Capítulo 2
Se escucharon gritos y los pasos que se resonaban en el salón del bunker. Dean estaba molesto, tanto que hasta le costó destapar la cerveza que llevaba en mano y Sam que lo seguía intentando hacer que lo escuchase. Desde la muerte de Castiel y la desaparición de su madre en el otro mundo, Dean había quedado mal, destrozado, estaba tan fuera de sí que Sam no sabía cómo hacerlo reaccionar y que volviera a ser el de siempre. Pero a esa altura, parecía ser un imposible si quiera, intentar hablar con su hermano mayor.
—Está pasando por un mal momento. Y podría ayudarnos —intentó hacerlo entrar en razón de alguna manera. Necesitaban a Marie Jeanne, él la necesitaba. A diferencia de su hermano, no podía dejarse caer así como así ¡no! Sam necesitaba creer que había una forma de traer a Cass de nuevo a la vida y de volver a ver a su madre y confiaba en que Jack y Marie Jeanne fueran los que lo ayudaran a conseguirlo— es una bruja que…
—¡Es una bruja!

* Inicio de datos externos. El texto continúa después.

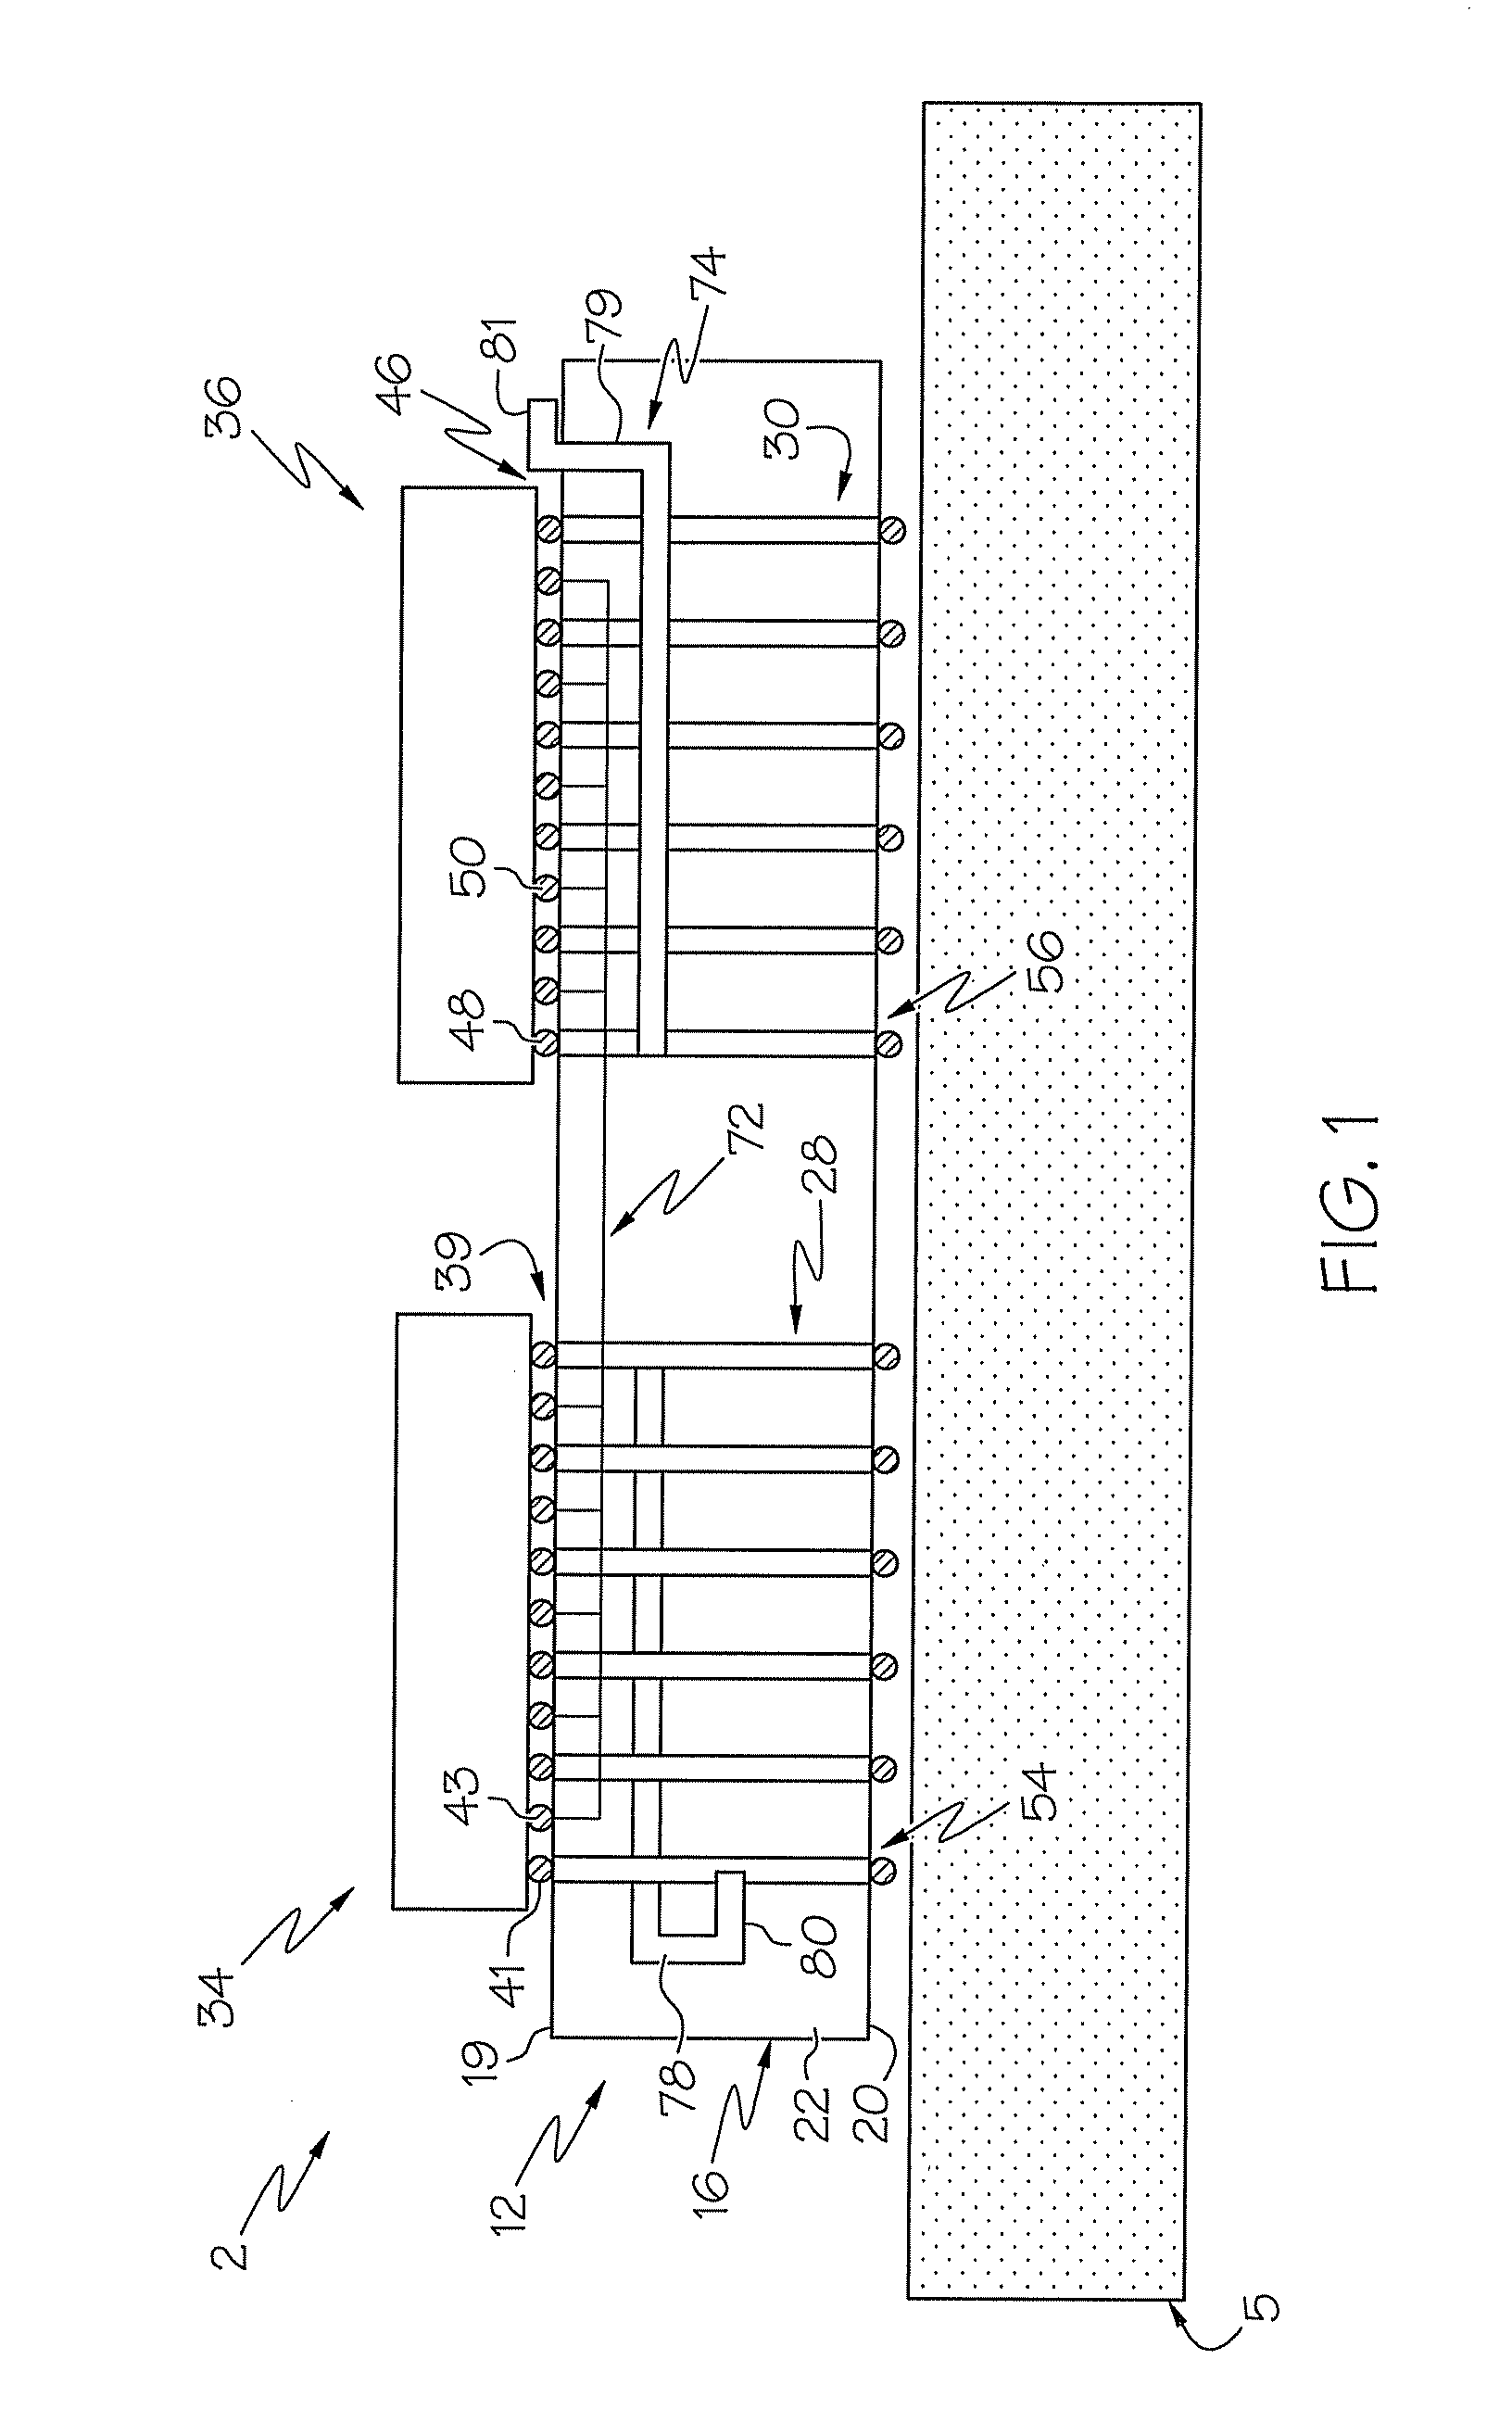 Silicon carrier including an integrated heater for die rework and wafer probe

Sammy, tenemos al hijo de Lucifer y ahora ¿quieres meter una bruja al bunker? ¿Qué harás luego? ¿Invitarás a los ángeles a tomar el té? —Se quejó haciendo fuerza hasta que los nudillos se le pusieron blancos para abrir la estúpida botella.
Sam rodó los ojos, se la quitó de la mano y la abrió.
—Si hay una forma de traer a Cass y a mamá…
—Están muertos —dijo Dean con esa mirada vacía que se dirigía a Sam, esa que le helaba los huesos, que hacía que se agolparan las lágrimas en sus ojos— mamá está con Lucifer. Murió al instante. Y Cass…
No siguió, no podía seguir. Si había algo que le había dolido más que perder a su madre, había sido perder a su mejor amigo. Cass, era el primer amigo que tenía fuera de su hermano menor. Su vida había sido siempre demasiado ajetreada, yendo de aquí y de allá y las pocas veces que se había logrado establecer, nunca había llegado a durar demasiado tiempo viviendo una vida normal. Nunca, porque era un cazador y los cazadores viven bajo la ley de los cazadores. La vida normal no se hizo para ellos porque lo que es la vida normal para un cazador es cazar.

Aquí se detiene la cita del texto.